Plan C began, arguably, at a gathering of a couple of hundred people in Manchester. The name of this event was ‘Network X’. It was largely a one-man show and, were we to test it against the intentions of the organizers, was fairly disastrous. The gathering was called on the back of the volcanic arrival of a new generation of student activists whose occupation of the Conservative Party headquarters at Milbank had taken everybody by surprise. However, the organizers had mistakenly assumed that all that was required in order to incorporate this new generation into an already existing milieu of anti-capitalist and anarchist horizontalists was to introduce them to a tried and tested organizational model that had achieved results in the past. In this case, the model was Dissent! who had organized against the meeting of the G8 at Gleneagles in Scotland in 2005. Dissent! was a large, ‘open’, and informal network that operated on the basis of consensus. Anyone was able to join and decisions were carried at the level of regional and national meetings. The Climate Camp network, emerging partly out of post-Dissent discussions, also broadly took up this model of organizing.

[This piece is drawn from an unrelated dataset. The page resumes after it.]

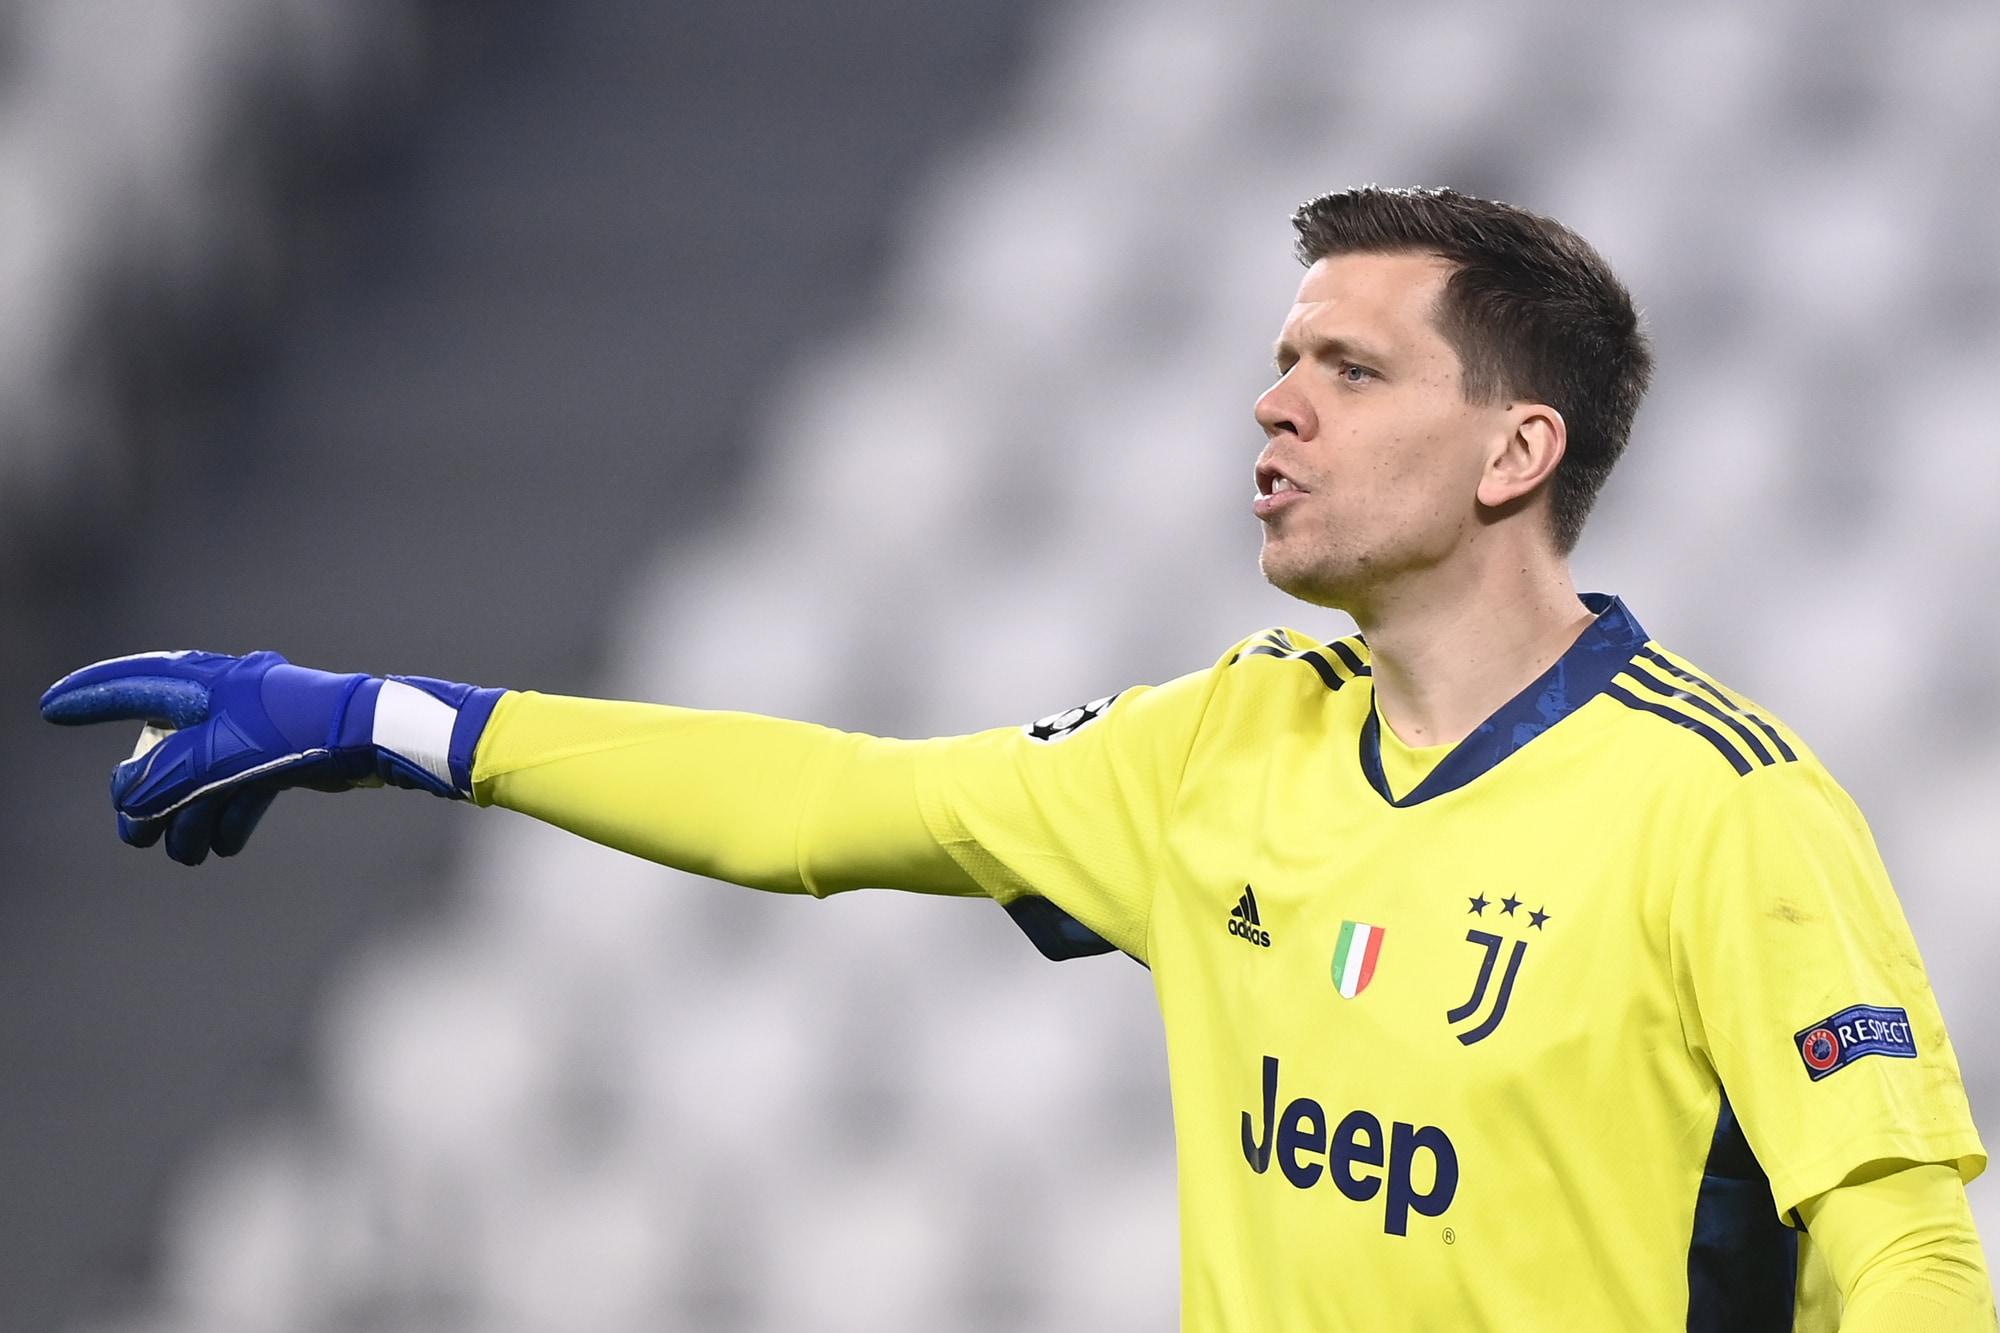 Calciomercato Juve, nodo portieri: chi sarà il vice Szczesny?
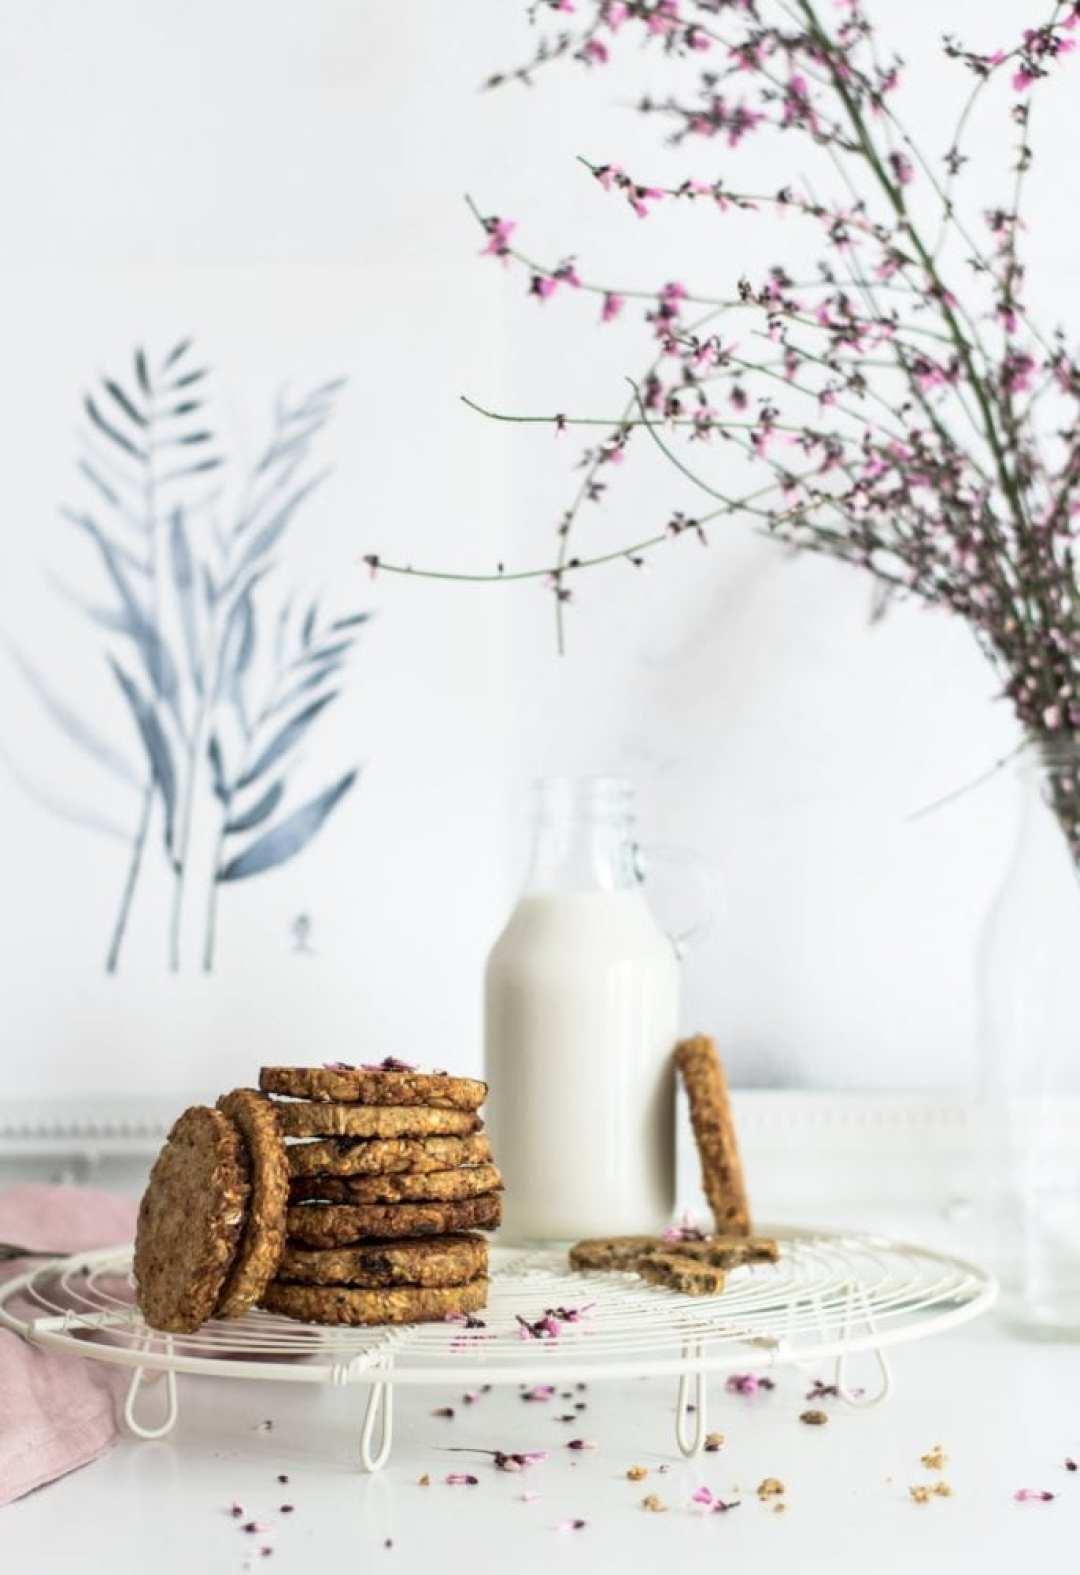 Les cookies sont meilleurs trempés dans le lait, c'est chimiquement prouvé

When it came to the Network X meeting not only did a new network fail to materialize in Manchester but many of the weaknesses of this form of organizing were usefully exemplified in almost comedic form over the two days where we witnessed interminable arguments about consensus processes, cataclysmic eleventh hour derailments of discussions and decisions, and unofficial hierarchies taking accidental control and then abdicating on a wave of shame and self-criticism. It was like a whistle-stop tour of why we couldn’t simply transplant the structures of a previous cycle of struggle.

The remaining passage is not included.